Human Bhaba and Daniel Hesidence were terrifically paired in Salon 94’s booth: both artists considered the notion of time and its effect on the present reality. Pakistani-American artist Bhaba draws upon archaeological interpretation in her hollowed, bronze sculptures, couched in archetypes of ancient mythology. Hesidence looks to the future––that is, a malformed, contorted future shaped by manufactured human experience. The artist’s bright paintings depict iconography within stretches of time from past to present. Hesidence’s Untitled (Ledger), 2020-2021, portrays two human-like creatures with distorted faces in the middle of what appears to be terrestrial landscape. And yet, one figure seems to adorn a sports jersey, while a brown pyramidal structure is flanked in the background. Here, Bhaba and Hesidence both breach the echelons of time by presenting the dysmorphic form, thus asking us to question our reality. Based in San Francisco, Jenkins Johnson presented a similarly stellar arrangement of works. Philomena Williams particularly stood out: her figurative paintings of adolescents suspended in moments of child-like wonder, coupled with a sense of fear, teeter on surrealism.
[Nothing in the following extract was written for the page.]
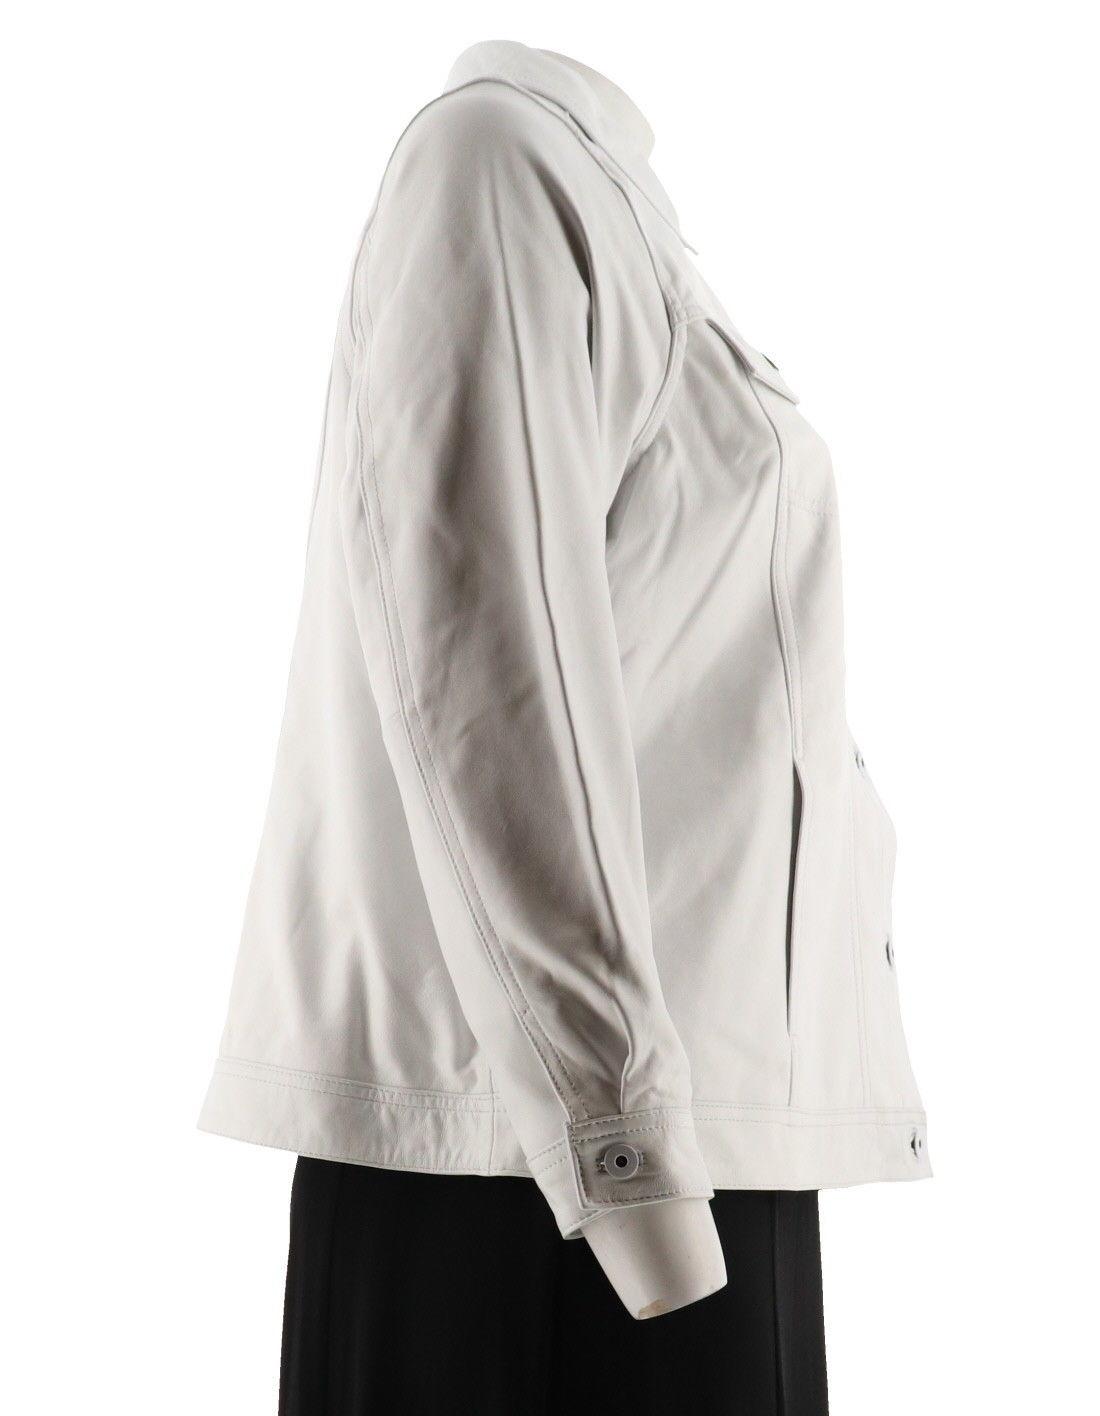 Denim & Co Lamb Leather Jean Jacket Soft White XXS NEW A272640

Red Boat Float, 2020 depicts three teenage girls in this dream-like state, captured in lush reds, pinks, and turquoise blues. Adolescent exploration and teenage vulnerability, of age, of race, and of sexual identity, are so carefully and so aptly engaged within Williams’ paintings.
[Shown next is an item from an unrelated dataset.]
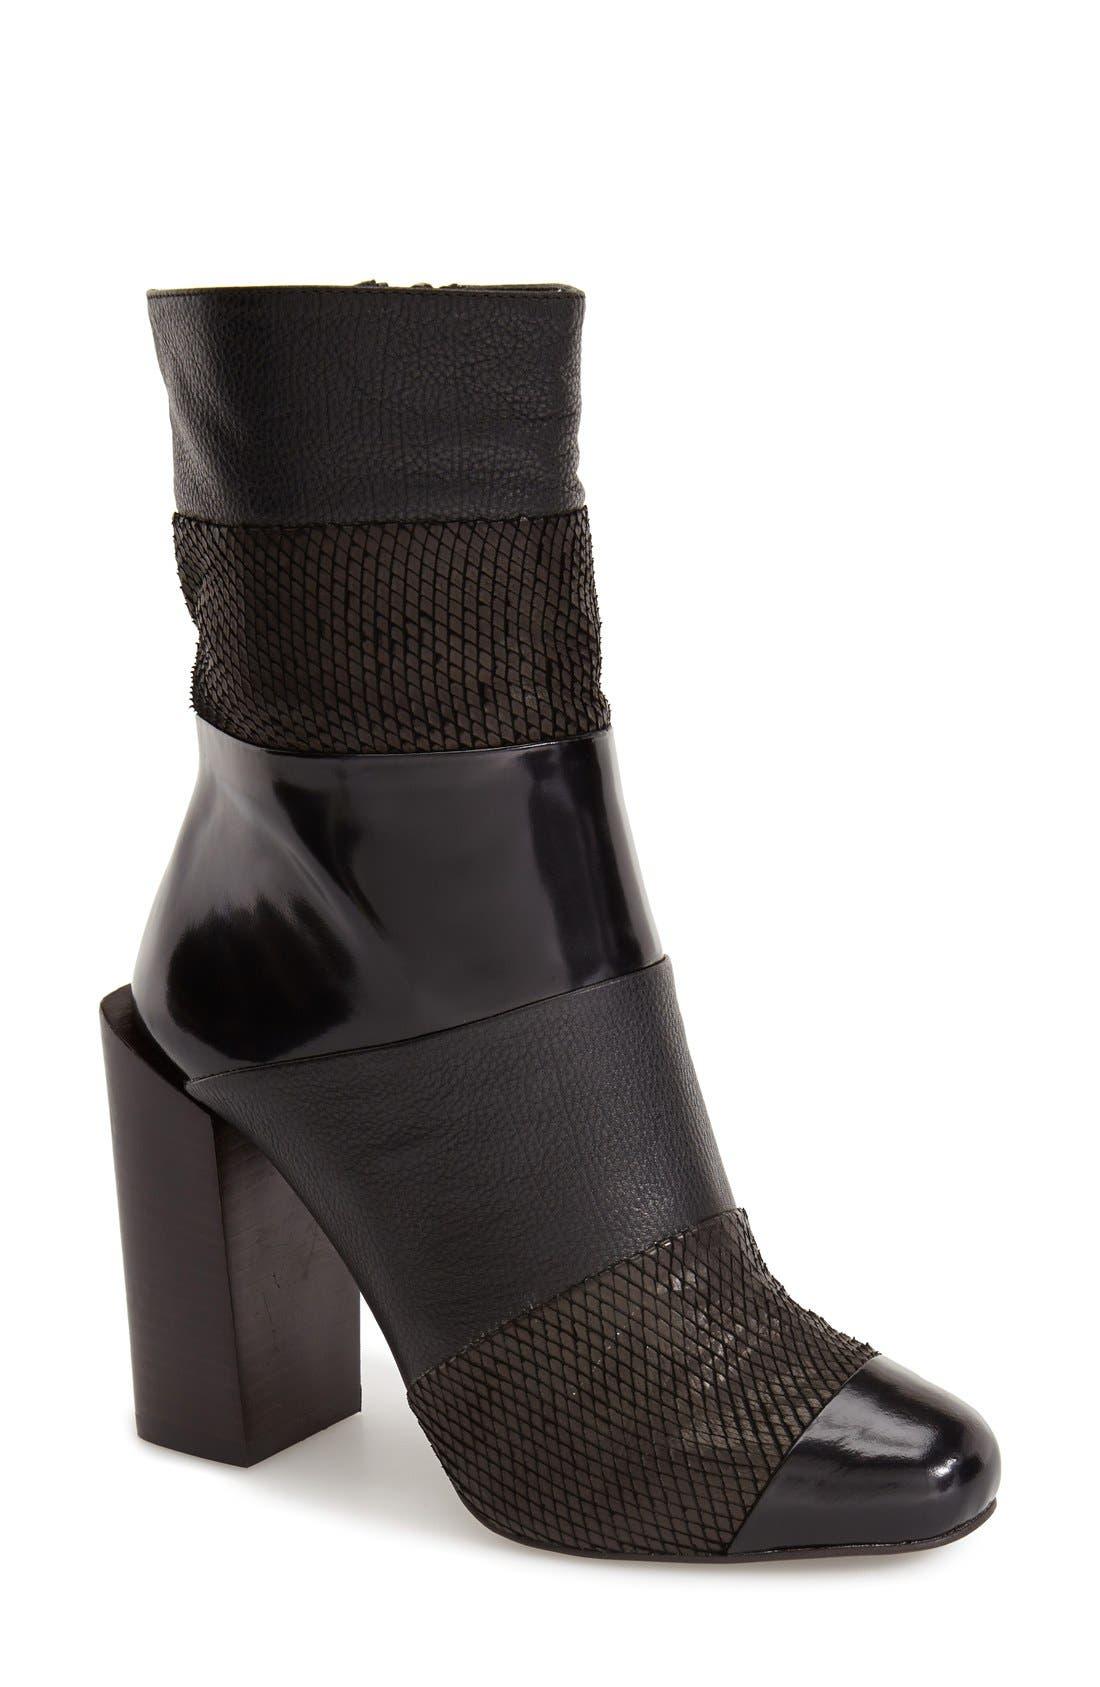 Alternate Image 1 Selected - Jeffrey Campbell 'Pezzi' Almond Toe Boot (Women)

French Conceptual artist Daniel Buren’s installation of alternating 8.7cm-wide vertical stripe patterns at Lisson Gallery’s booth was an exciting moment at the fair. This marks the first time the three examples from the artist’s Peintures découpées series were exhibited in the U.S. The series fits squarely into Buren’s concept of the “degree zero of painting.” “My painting, at the limit, can only signify itself,” the artist once declared. “It is. So much so, and so well, that anyone can make it and claim it.” The installation is conceptually radical: Buren provokes questions about the relationship between art and the very structures shaping it.
In Ina Archer’s captivating video installation at Microscope Gallery, The Lincoln Film Conspiracy, 2005-2021, three television sets are placed atop one another as trailers created by Archer – in addition to the only remaining film from the Lincoln Motion Picture Company – loop on screen. The Lincoln Motion Picture Company (1916-1923) was the first all-black film production company. The trailers in the video-loop filmed by Archer serve as emblems of what no longer survives; these are fictitious trailers for the nonexistent, ideated film. Archer does not simply create the imaginary trailers; the artist intelligently pairs these clips alongside fictional movie posters and promotional materials, often with a playful flair. One poster titled Poster for Black Ants in Your Pants, 2021, shows the heads of Lena and Archie, two fictional characters, transfixed onto the bodies of cartoon-style ant bugs. With The Lincoln Film Conspiracy, 2005-2021, Archer masterfully builds her own production––one that is wholly attuned to tackling themes of race and cultural appropriation.